I forgot to mention in last week's blog that I was finally able to get all of the paperwork together needed to see if Ryan is eligible for services through OPWDD (Office for People with Developmental Disabilities).  We mailed it to our local office and the intake coordinator told me it can take up to two months for our paperwork to be processed and for us to hear back if Ryan is eligible.  It may take just as long to establish services if he is deemed eligible.  Our primary request is for something called respite services.  It is like "babysitting" and we are hoping we can schedule this during times when Ryan can work on his homework with the service provider.  We are hoping he will respond more positively to someone else than he does to us.  Unfortunately, even if approved, I can't see this starting before the end of this school year but we will be more than happy if something is put in place for the start of his second grade year in September.

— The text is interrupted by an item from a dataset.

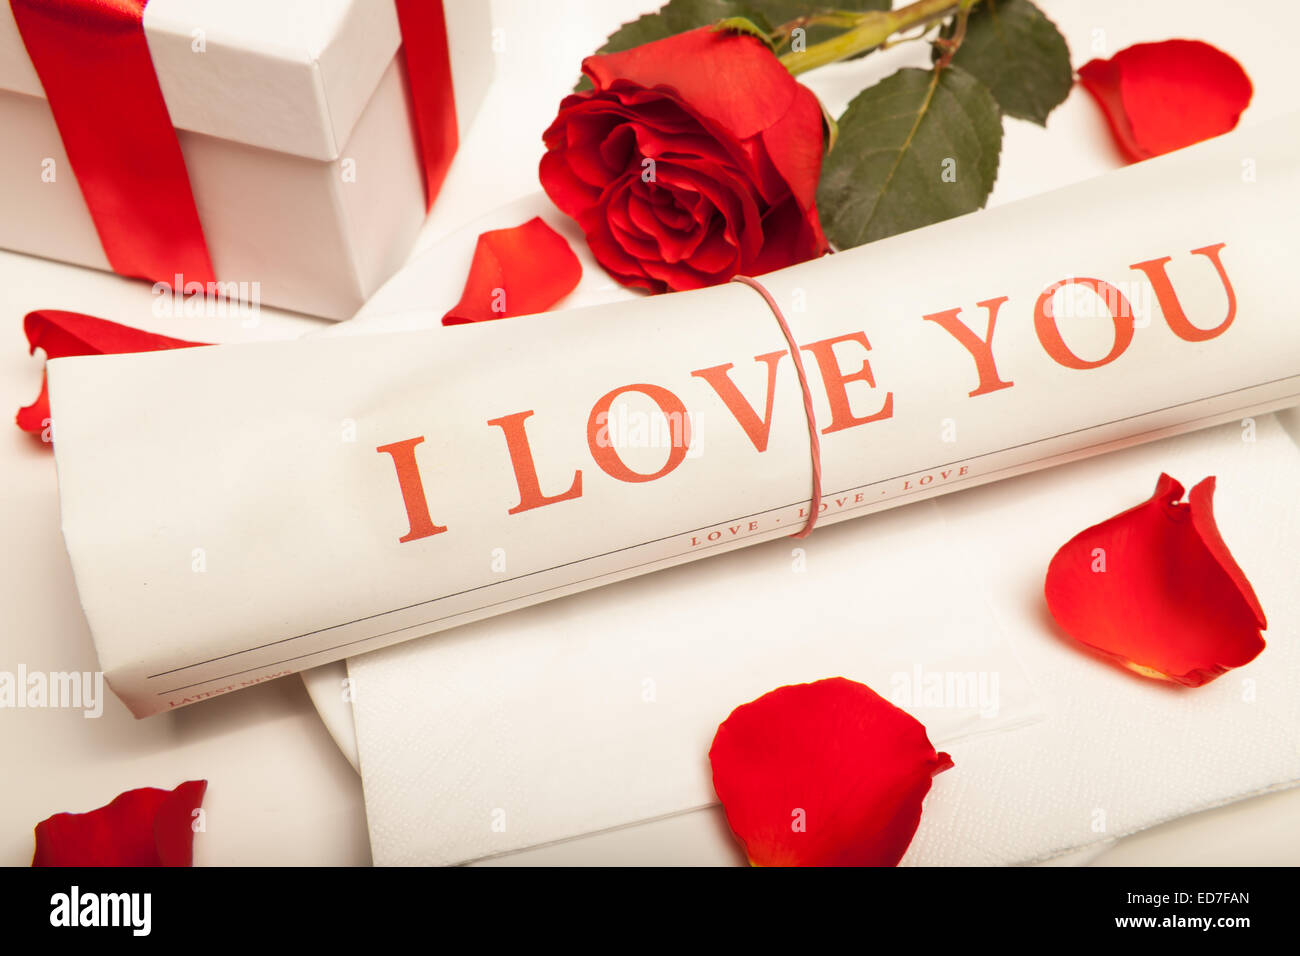 I Love You Newspaper Red Rose And Present Box Stock Photo

Report cards were sent home this week and Ryan received a very typical report.  There was improvement in several academic skills and still room for improvement in some of the behavioral areas.  His reading level, which was reported as below level first quarter, then on level second quarter, was back to below level for third quarter.  Ryan continues to have difficulty not calling out in some of his special classes where the structure is different than his co-taught classroom.  We will be attending his annual review at the end of this week and I'm sure we will get more information across the board on how he is doing in regards to the testing that was completed.

We are into two weeks on the medicine (Fluoxetine which is also known as Prozac).  Dr. Hahn said it may take three weeks for us to notice any positive changes.  Ryan continues to have ups and downs, especially in the areas that the medicine was supposed to help with - his impulsivity and anxiety.  I hate to say that I feel his behavior has been worse on some days since beginning the meds.  But we will wait it out until our appointment in two weeks and then make a decision if it is working. It is a very low dose (5 mL).  Maybe this is not enough of a daily dose to make a change. I don't know any other 6 year olds on this medication to compare their weight and what dose they are on.  I guess this is something we will need to discuss with the doctor.  On a positive note, Ryan takes the medicine with no problem.  He does the syringe in his mouth all by himself at dinner time.   It has a strong peppermint taste so he immediately follows it with a drink or bite of food.  He complained the first couple of times but now there aren't any issues.

I sometimes feel like we don't say "Thank you" enough.  Just about everyday I have someone reach out to me to check in on how Ryan and the entire family is doing.  It is so greatly appreciated.  The support reminds us that we are not alone and that there are so many people that care enough about our family to continue to stay updated through this blog.  Many thanks!!!

DC

Week 156

The kids having some Easter fun with their Campbell cousins.

We have a lot to share tonight because we didn't write last week, so here we go...

Let's begin with an update on Ryan's skin.  His legs are doing much better.  There are still some residual scabs, but the two medications that the pediatrician prescribed helped tremendously.  While I'm happy that he is no longer itchy and his skin no longer feels like sandpaper, I'm annoyed that he went through these skin issues for over 2 years and the issue could have been fixed with a prescription instead of him suffering through the scratching and bleeding.  I don't know why it had to get to the point it did for the doctor to offer him some relief.

We did not take Ryan to the psychologist this week because it was opening day of soccer and at the time of his last appointment we did not have his game schedule yet to make an appointment.  It worked out okay anyways since he already had a psychiatrist appointment scheduled.  We met the psychiatrist for the first time and he agreed that Ryan be placed on some medication.  He wants to treat Ryan's impulsiveness first and hopes that will help reduce the anxiety, rather than begin with an anxiety medication.  We were supposed to begin the medication on Saturday but the doctor put incomplete information on the prescription and CVS wouldn't fill it.  They put a call into the doctor, as did we, but he did not call back.  Hopefully we will hear from him first thing Monday morning and we can begin the medicine.  Ryan will also need to have lab work done for some baseline levels, and we will go back to this doctor in a month to share the lab results and an update on Ryan.  If we see an improvement, and Ryan is tolerating the medicine, then he will give us a new prescription with refills (hopefully filled out correctly this time!) ha ha  The appointments with this psychiatrist are huge monetary investments out of our pocket so we are praying that this is the best decision for Ryan and that it helps him.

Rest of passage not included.